Per la milionesima volta John Landis assiste alla proiezione del suo capolavoro. Non può esserci lui se non ci sono i Blues Brothers. Stavolta l'occasione è il Magna Graecia Film Festival, che si è chiuso ieri sera al porto di Catanzaro Lido. Per il regista di alcune tra le pellicole più celebri della storia del cinema è stata l'occasione per conoscere la Calabria dove non era mai stato. Da presidente della giuria ha premiato come miglior film internazionale Princess of the row di Van Maximilian Carlson, menzione speciale all'attrice Seidi Haarla, protagonista di Scompartimento N.6 di Juho Kuosmanen.
Mister Landis, non è ancora stanco che sotto il suo nome compaia la scritta «il regista di Blues Brothers»?
«No. Dipende dalla prospettiva. Io mi sento molto fortunato del fatto che i miei film continuino ad essere apprezzati dopo così tanti anni. E poi la gente continua a vedere anche Animal House, Una poltrona per due e gli altri che ho girato».
Se fosse costretto a scegliere uno dei suoi film da lasciare nei libri di cinema quale sarebbe?
«È impossibile fare una classifica dei miei film. Sono tutti come dei figli. Sulla base di quali elementi si può decidere che uno è migliore dell'altro? Come si fa a dire se un film di Hitchcock è più bello di uno di Fellini?».
È John Landis che ha creato John Belushi o viceversa?
«Nessuno dei due. Belushi e Dan Aykroyd avevano già ideato i personaggi di Jake ed Elwood. Il nucleo del film era già stato portato in giro da loro nei club di Toronto, Chicago e New York. E poi io conoscevo bene John perché avevo già girato con lui Animal House. Ricordo che Dan era talmente devoto al messaggio di questo film che la battuta siamo in missione per conto di Dio l'ho inserita per prendere in giro questo suo trasporto».
E avevano già ideato il mitico look dark.
Sì, con quei cappelli, quegli occhiali e le cravatte. Ma quando girammo il film, quello stile non era sufficiente, dovevano creare un nuovo look, così con mia moglie Deborah (Nadoolman) che ha realizzato i costumi, decidemmo che avrebbero indossato i Ray-Ban Wayfarer. Lei andò in giro per i negozi a scovarli perché erano fuori produzione e sul set ne avevano dieci paia per John (che li perdeva sempre) e dieci per Dan».
L'ultimo suo film, «Ladri di cadavere», risale a dodici anni fa. Perché non ne ha più girati?
«Perché in questi anni non ho mai trovato un progetto che fosse veramente interessante. I film che piace fare a me non piacciono agli Studios americani e quelli che loro vogliono realizzare li trovo orribili. Ormai si fanno solo pellicole sui supereroi o saghe da branding. E visto che fare un film richiede un impegno di almeno un anno non sono disposto a lavorare a qualcosa che non mi interessa veramente.

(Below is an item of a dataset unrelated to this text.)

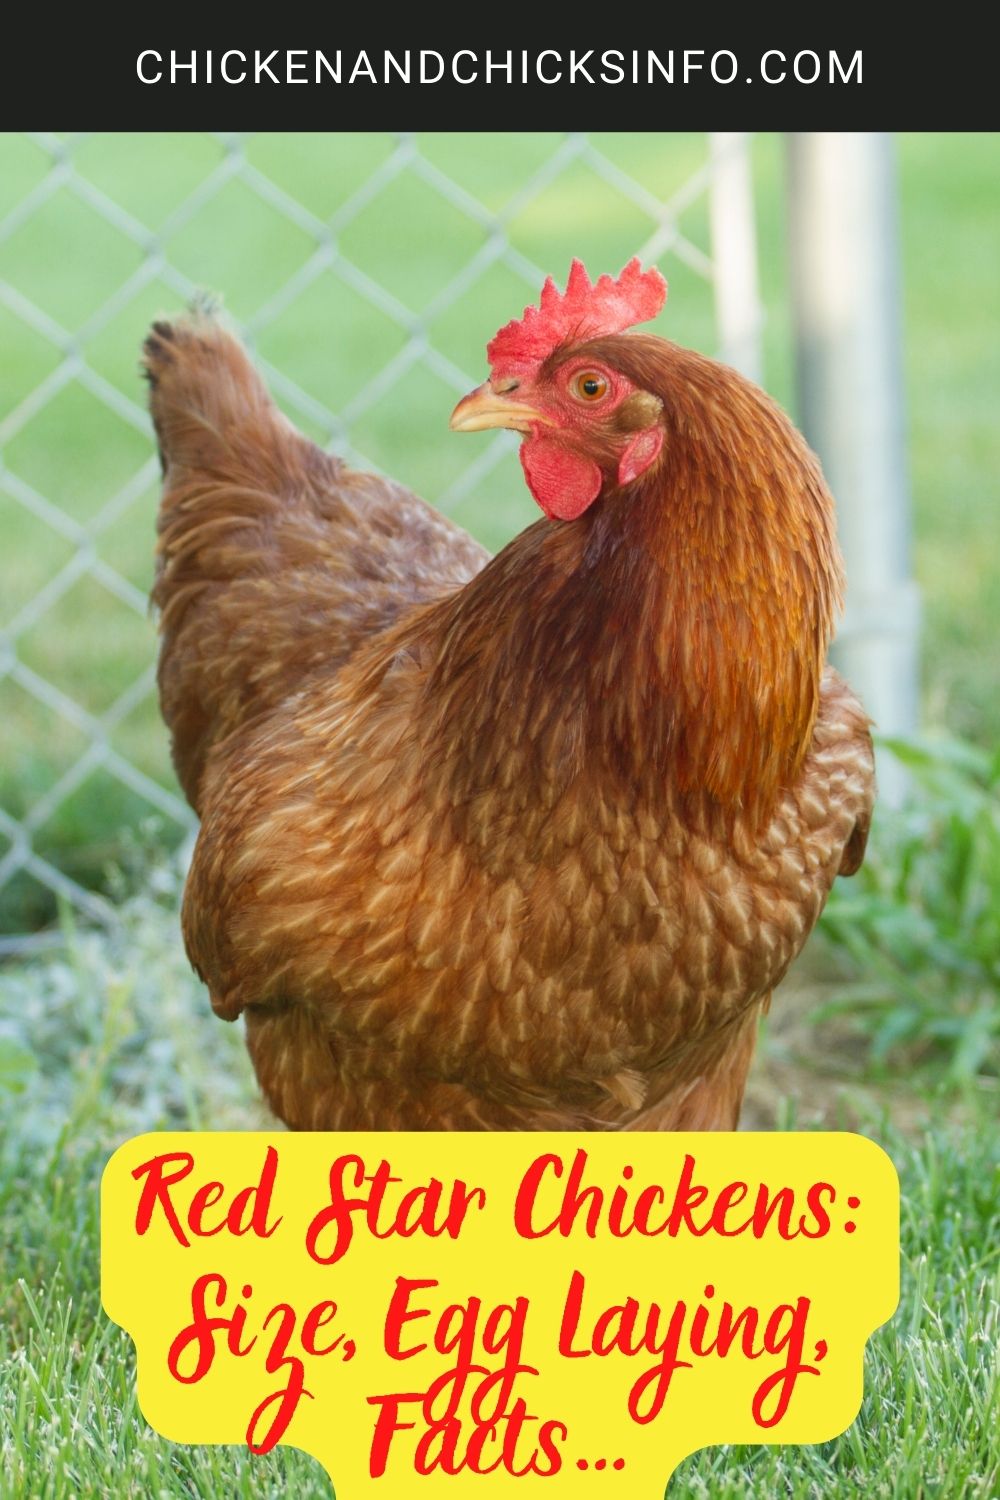 Red Star Chickens Size, Egg Laying, Facts… poster.

Anche perché il successo mi consente di non dover lavorare per forza».
Pensa che oggi film come i suoi non possano essere più proposti anche perché a Hollywood vige il politicamente corretto?
«Il problema non è questo. Ma il fatto che gli Studios o quello che ne resta non sono più disposti a rischiare, ormai sono diventati banche e case di distribuzione. E puntano soltanto ad un prodotto estremamente sicuro dal punto di vista degli incassi. La pandemia ha aggravato la situazione perché la chiusura dei cinema ha colpito un settore già in crisi».
Ma lei dovrebbe aiutare il cinema sfornando un altro dei suoi capolavori.
«Bisognerebbe dirlo a loro».
È vero che ha in mente di fare il sequel di «Un lupo mannaro americano a Londra»?
«Se ne è parlato, ma vedremo. Una cosa non è reale finché non si concretizza».
E ci potrà mai essere una serie tv sui Blues Brothers?
«Assolutamente no».
Lei ha lavorato con due grandi artisti. Qual è stata la differenza nei suoi rapporti con Belushi e Michael Jackson?
«Sono persone molto diverse tra loro. Ho amato enormemente entrambe. John è diventato dipendente dalla droga che poi lo ha ucciso, cosa per cui sono ancora molto arrabbiato. Era un attore dalla formazione classica e sarebbe stato in grado di fare qualsiasi cosa. Jackson era una persona cara ma piena di stranezze. Era doloroso vedere le sue automutilazioni».
Cosa si ricorda di quando girò il video di «Thriller»?
«Mi chiese all'improvviso di farne la regia.
Ma io non volevo realizzare un video rock ed è per questo che gli proposi di fare un cortometraggio, tanto è vero che dura quindici minuti. Fu molto semplice lavorare con lui dal momento che faceva tutto ciò che gli chiedevo senza batter ciglio. Incredibile».